Отец Браун ненадолго замолчал, а потом неожиданно, словно и не услышал вопроса, заговорил снова:
– Первое, на что я обратил внимание, это крест. Вернее, шнурок, на котором он был закреплен. Большинству из вас это показалось простым шнурком с несколькими золотыми бусинами, не более, но, как вы сами понимаете, я в таких вещах разбираюсь лучше. Наверное, вы помните, что крест лежал у самого подбородка, были видны только несколько бусин, как будто все ожерелье было очень коротким. Однако бусины, остававшиеся на виду, были расположены в определенном порядке: сначала одна, потом три и так далее. Я сразу понял, что это четки, обычные четки с крестом.

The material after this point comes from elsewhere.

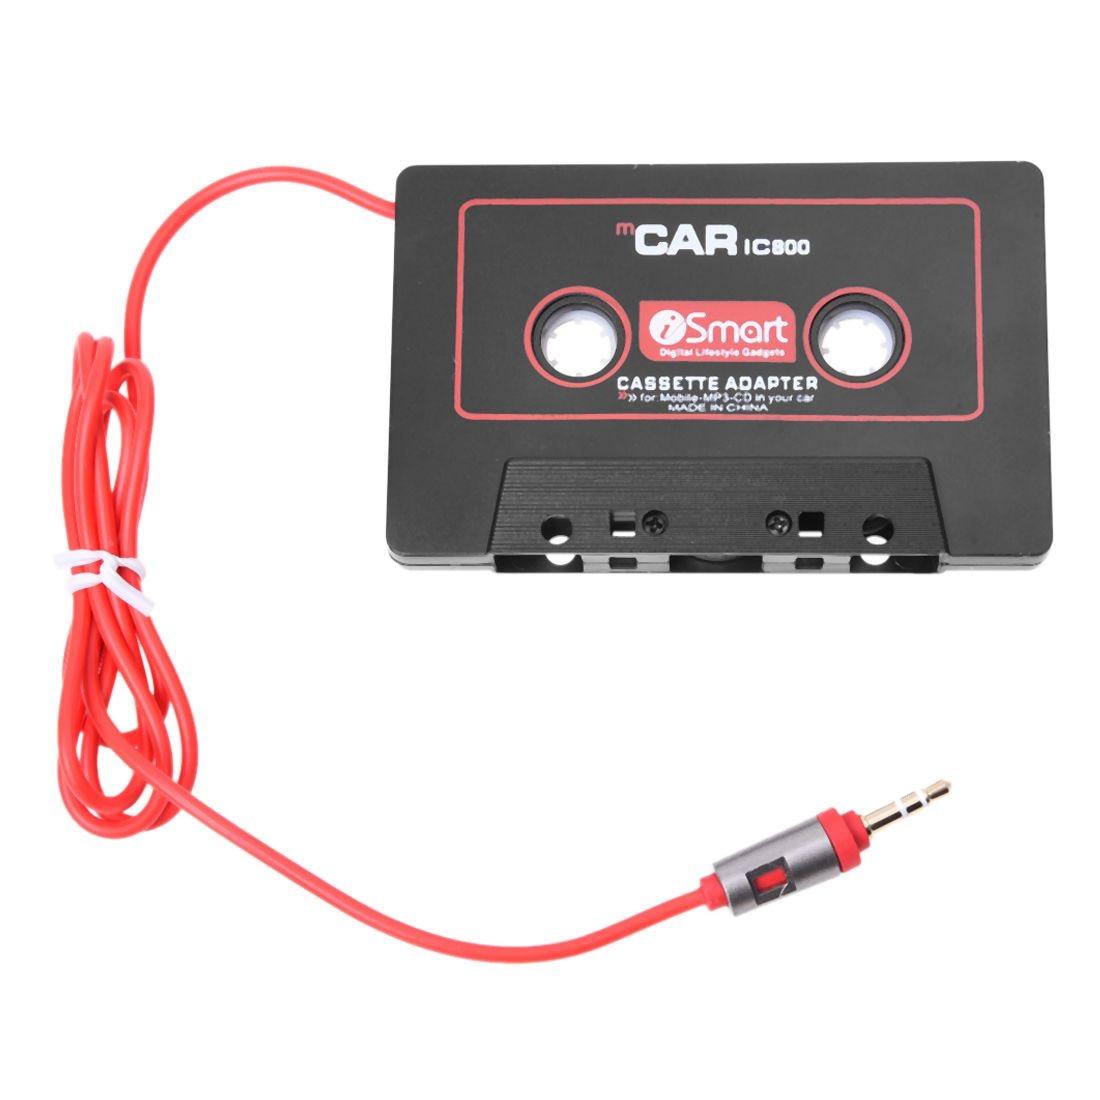 Tragbares Audio & Video Auto Audio Systeme Auto Stereo Kassette Adapter Für Handy Mp3 Aux Cd-player 3,5mm Jack Für Auto Lkw Van farbe: Bla Mit Dem Besten Service

Но в четках должно быть самое меньшее пять десятков бусин и еще несколько дополнительных, поэтому я удивился: где остальные? Чтобы так уложить четки, ими пришлось бы обмотать шею старика несколько раз. Тогда я не знал, что думать, и лишь потом догадался, куда пошла остальная часть шнурка. Она была крепко, в несколько раз, обмотана вокруг деревянной подставки, которая упиралась в угол каменного гроба, поддерживая его крышку. Таким образом, несчастный Смайлл, потянув за крест, выдернул подставку, и крышка обрушилась на его череп, как каменная дубина.
– Господи Боже! – воскликнул Тэррент. – Я, кажется, начинаю понимать, что к чему. Если все так и было, это очень странно.
– Когда я понял это, – продолжил отец Браун, – обо всем остальном я уже мог догадаться. Помните, что никаких серьезных археологических исследований здесь еще не проводилось. Бедняга Уолтерс, честный коллекционер древностей, вскрыл гробницу для того, чтобы проверить правдивость легенды о забальзамированных телах. Все остальное – слухи, которые часто предваряют или преувеличивают истинное открытие. В действительности он обнаружил, что тело не было забальзамировано, а давно развеялось в прах. Только когда он работал в той подземной гробнице при свете одинокой свечи, рядом с ним упала еще одна тень.
– Ах! – взволнованно воскликнула леди Диана. – Теперь я поняла, что вы хотите сказать. Вы хотите сказать, что мы встречались с убийцей, разговаривали и смеялись с ним, выслушали его романтическую историю и позволили ему спокойно скрыться.
– Оставив уже ненужную церковную одежду на скале, – кивнул, соглашаясь, Браун. – Все ужасно просто. Этот человек сумел прибыть в церковь раньше профессора (возможно, пока тот разговаривал с тем угрюмым журналистом), застал священнослужителя рядом с пустым гробом и убил его. Затем переоделся в черную рясу убитого, на жертву надел настоящую старинную ризу и уложил тело в саркофаг, расположив четки и деревянную подпорку, как я рассказывал. Устроив эту ловушку для своей второй жертвы, он вышел из склепа и встретил нас, изобразив вежливого и приветливого сельского священника.
– Но он очень рисковал, – заметил Тэррент. – Что, если бы кто-нибудь знал Уолтерса в лицо?
– Я же говорил, этот человек, можно сказать, почти безумец, – согласно кивнул отец Браун, – но, думаю, вы согласитесь, что риск был оправдан, ведь ему все же удалось скрыться.